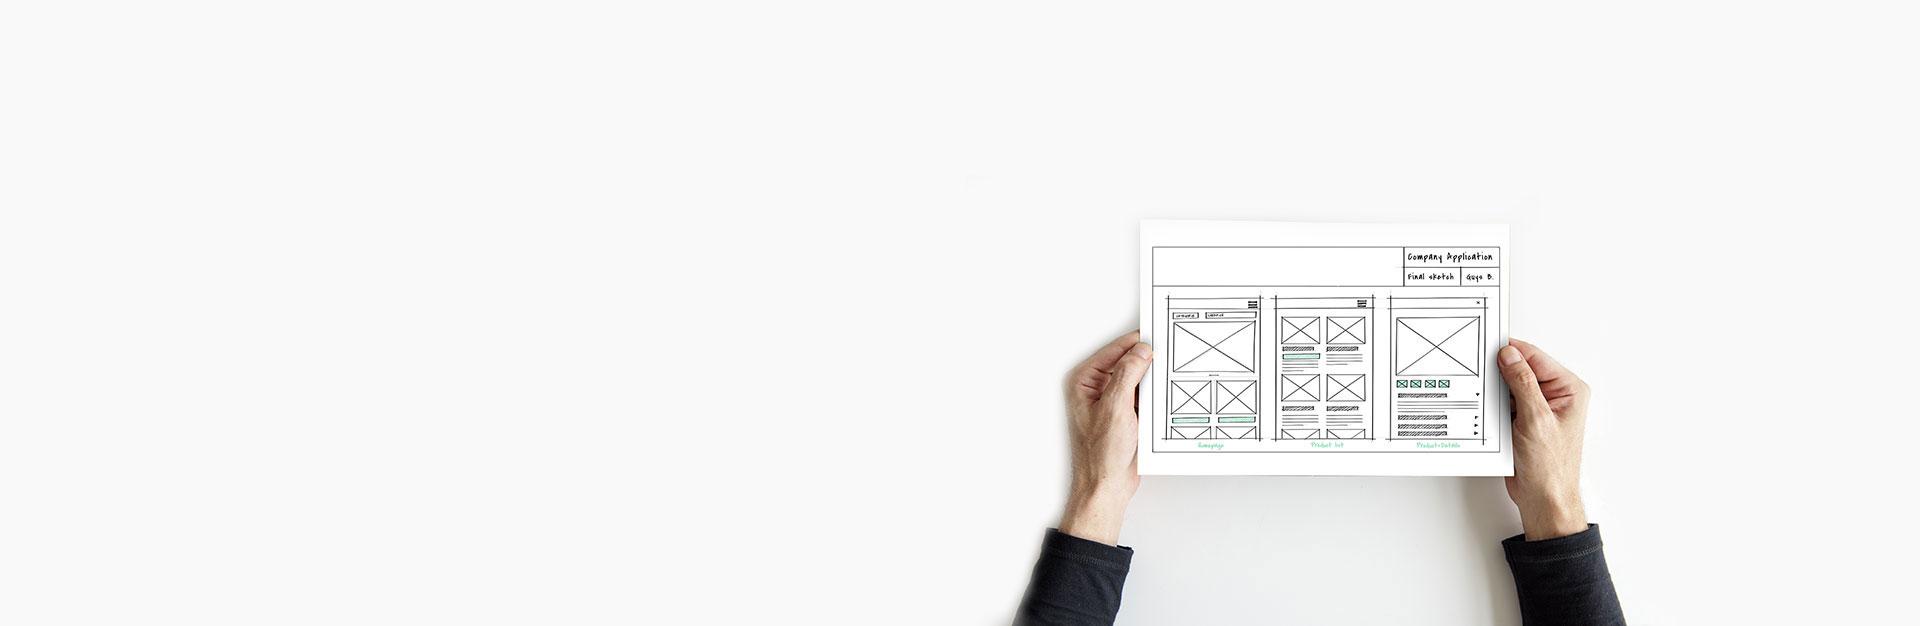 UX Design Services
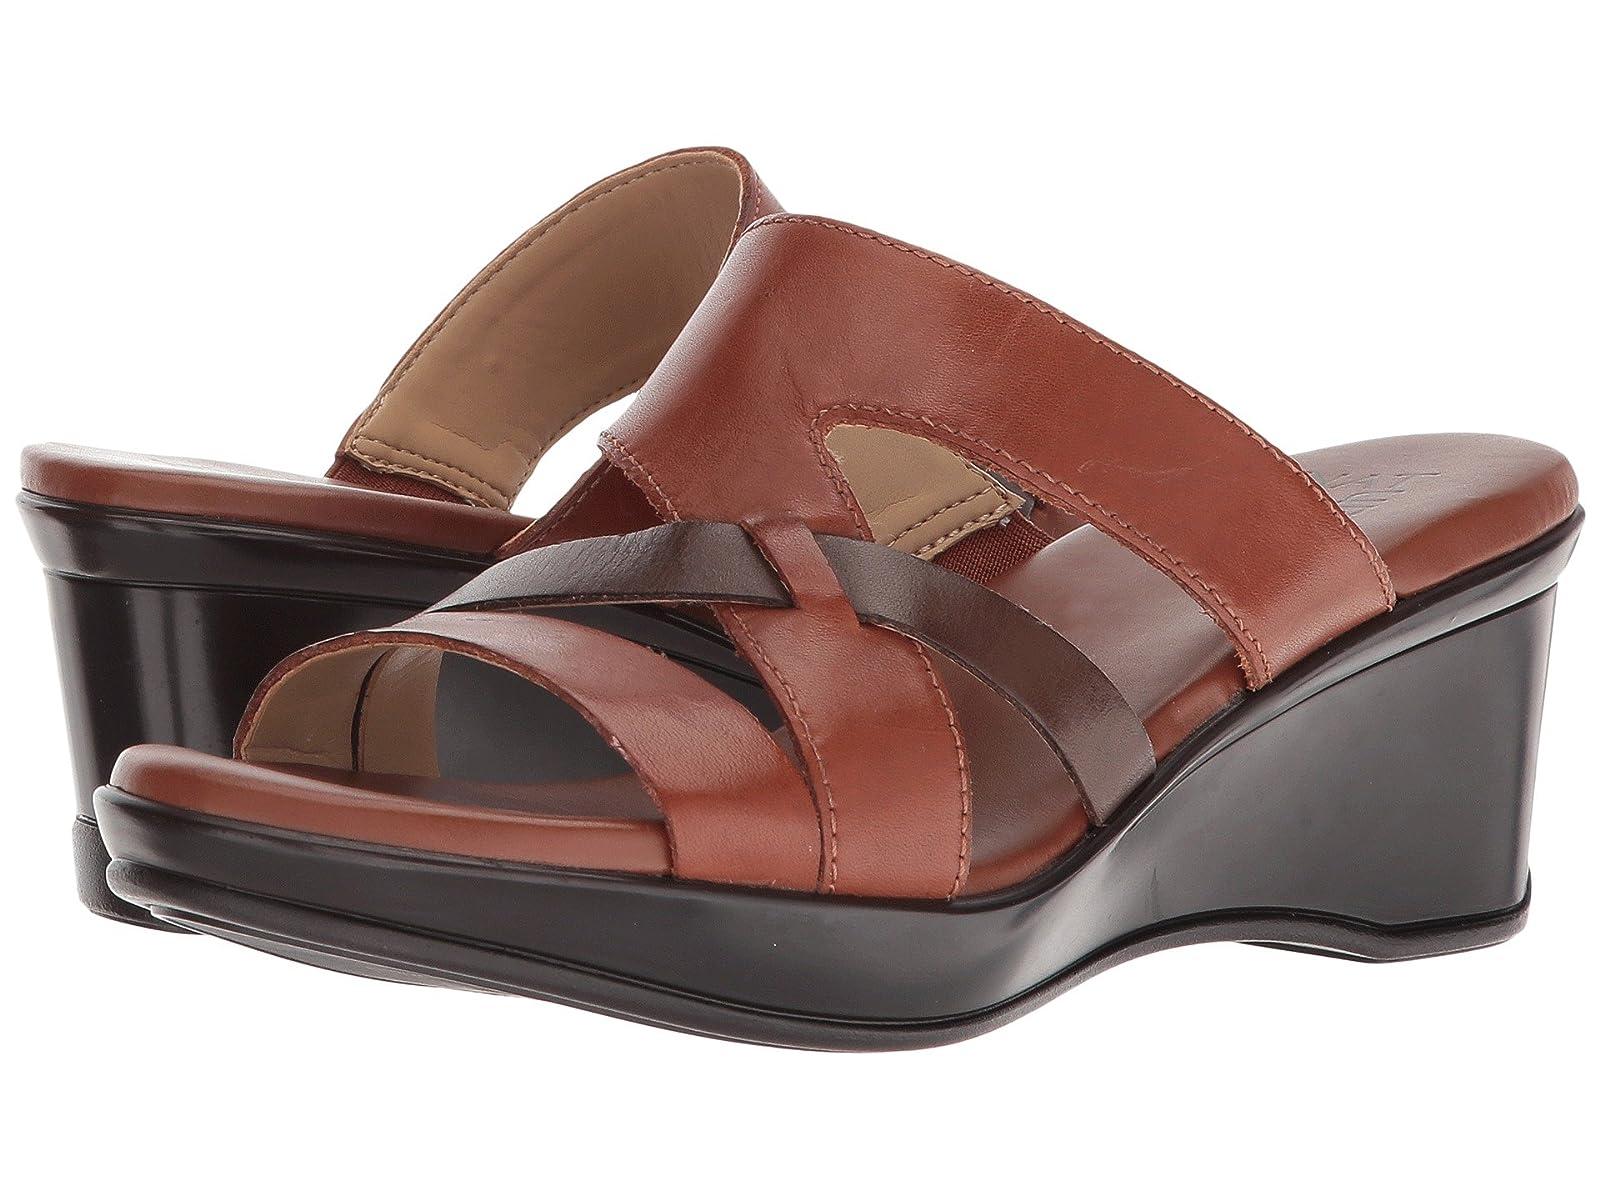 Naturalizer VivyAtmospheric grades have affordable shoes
--
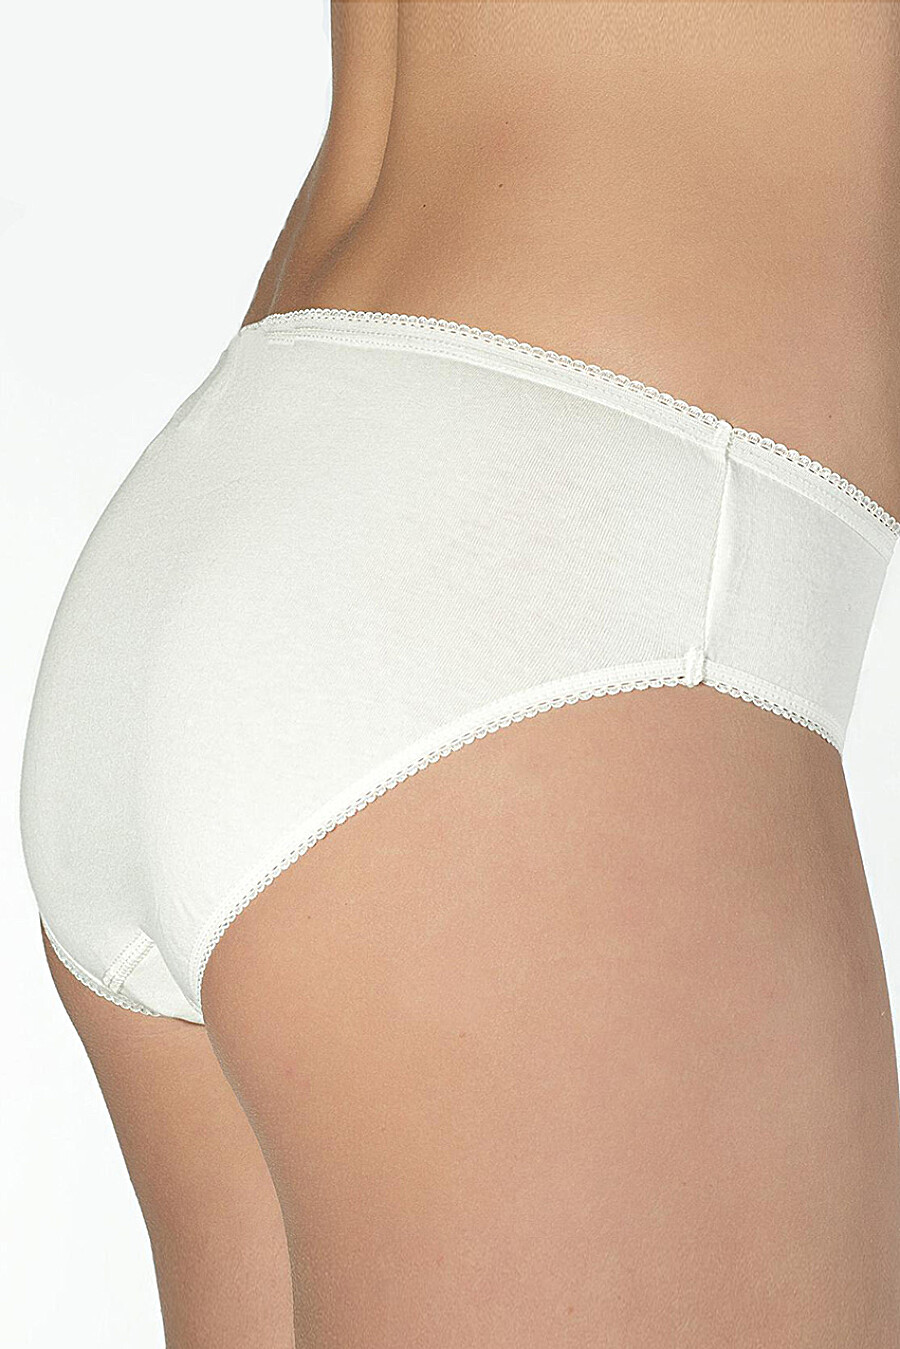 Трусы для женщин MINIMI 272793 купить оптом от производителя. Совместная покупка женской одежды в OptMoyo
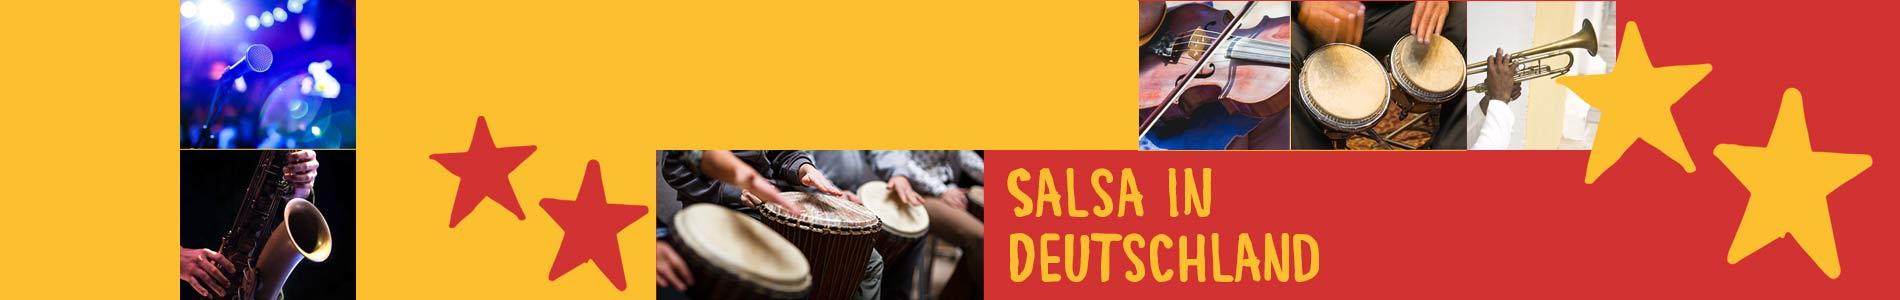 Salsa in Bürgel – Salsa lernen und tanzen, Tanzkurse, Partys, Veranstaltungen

**EXERCISE DESCRIPTION**.
Restate word for word every line from the one with "Трусы для женщин" up to and including the one with "Salsa in Bürgel" in the records above, minus the pictures.

**REPLY TO THE EXERCISE**.
 Трусы для женщин MINIMI 272793 купить оптом от производителя. Совместная покупка женской одежды в OptMoyo
 Salsa in Bürgel – Salsa lernen und tanzen, Tanzkurse, Partys, Veranstaltungen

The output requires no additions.